SmartTran, Inc. v. Alpine Confections, Inc.

352 F. App'x 650
CourtCourt of Appeals for the Third Circuit
DecidedNovember 19, 2009
DocketNo. 09-1024
StatusPublished

This text of 352 F. App'x 650 (SmartTran, Inc. v. Alpine Confections, Inc.) is published on Counsel Stack Legal Research, covering Court of Appeals for the Third Circuit primary law. Counsel Stack provides free access to over 12 million legal documents including statutes, case law, regulations, and constitutions.

Bluebook
SmartTran, Inc. v. Alpine Confections, Inc., 352 F. App'x 650 (3d Cir. 2009).

Opinion

OPINION

SMITH, Circuit Judge.

This appeal from summary judgment requires us to interpret a consulting 2 agreement. SmartTran, Inc. (“SmartTran”), a shipping consultant, and Alpine Confections, Inc. (“Alpine”), a candy company, entered into a consulting agreement (the “Agreement”) for shipping advice. Halfway through the Agreement’s term, Alpine underwent a corporate reorganization and was acquired by 1-800-Flowers.com (“Flowers”) and some of Alpine’s subsidiaries were spun off to a new corporation. SmartTran alleges that Alpine and its subsidiaries breached the Agreement by refusing to pay SmartTran consulting fees after the corporate reorganization. SmartTran also alleges that Flowers breached the Agreement, and, in any event, owes SmartTran restitution under the theories of unjust enrichment and quantum meruit. SmartTran and Alpine both moved for summary judgment and the District Court1 granted summary judgment for the defendants, concluding that the Agreement did not provide for payment of fees when SmartTran’s recommendations were not used.
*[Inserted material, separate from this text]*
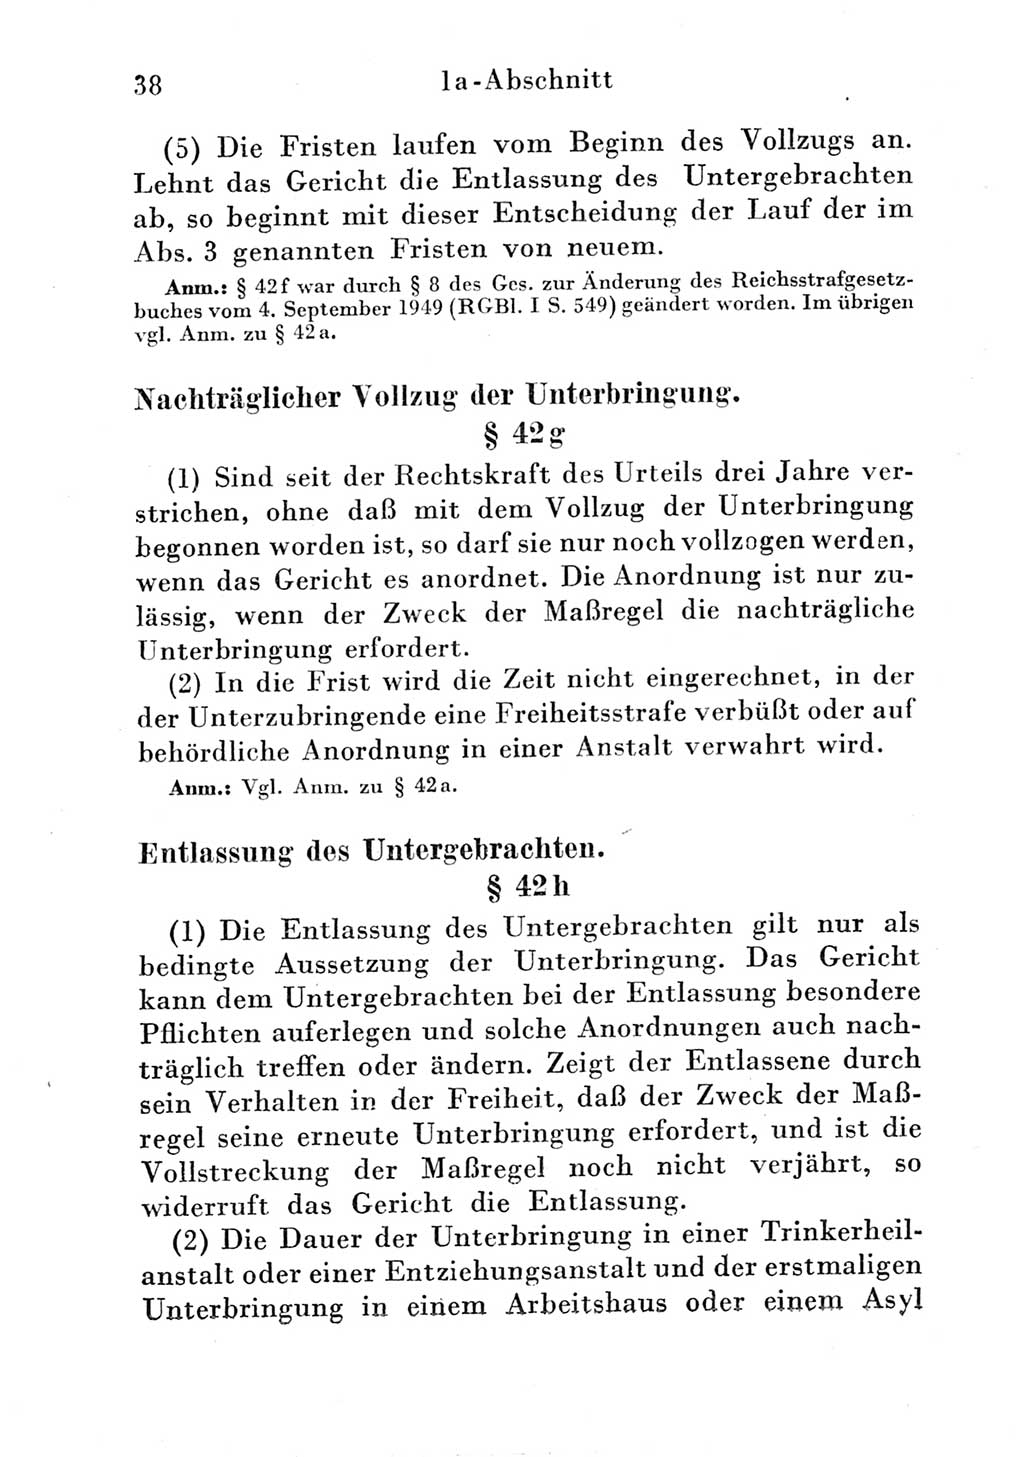 Strafgesetzbuch (StGB) und andere Strafgesetze [Deutsche Demokratische Republik (DDR)] 1951, Seite 38 (StGB Strafges. DDR 1951, S. 38)

We agree with the District Court’s analysis and will affirm its grant of summary judgment.2

[653]*653The Agreement, as a matter of law, did not provide for SmartTran to receive fees where its recommendations were not used. As such, SmartTran’s breach of contract claim against all defendants cannot survive summary judgment. The claims against Alpine’s subsidiaries that were spun off fail for the additional reason that they were not parties to the Agreement and had no obligation to pay SmartTran. The unjust enrichment and quantum meruit claims against Flowers are unsuccessful because Flowers never received any benefit from SmartTran’s consulting services.

I.

SmartTran analyzes companies’ small parcel transportation needs and recommends ways to negotiate discounted contracts with shipping companies, like United Parcel Service (“UPS”). Alpine, prior to the corporate reorganization, was a candy company that also owned other candy companies, including defendants Maxfield Candy Co. (“Maxfield”), Kencraft, Inc. (“Kencraft”), and Harry London (collectively, the “Alpine Defendants”).3

On January 27, 2004, Alpine entered into the Agreement with SmartTran. The Agreement’s prefatory recital explained that SmartTran was to “review [Alpine’s] use of small package transportation services and to determine if [Alpine] can achieve cost savings.” In the Agreement, Alpine warranted that at the time of entering into the Agreement it was not “negotiating a rate discount increase, or decrease in rates, with any small package transportation service provider.” If Alpine received a rate discount increase, or a decrease in applicable rates during the term of the Agreement, SmartTran would aecrue fees as set forth in paragraph seven of the Agreement. That paragraph states that SmartTran is entitled to fifty percent of all savings realized by Alpine through SmartTran’s recommendations:

SmartTran’s fees for services will be as follows:

A. Fifty percent (50%) of all savings realized payable for a period of thirty-six (36) months from the date the savings first become effective.
B. SmartTran shall invoice [Alpine] monthly for the fee earned pursuant to this Agreement which invoice shall be payable within five (5) business days of receipt.
C. SmartTran will not be paid a fee unless savings actually become effective.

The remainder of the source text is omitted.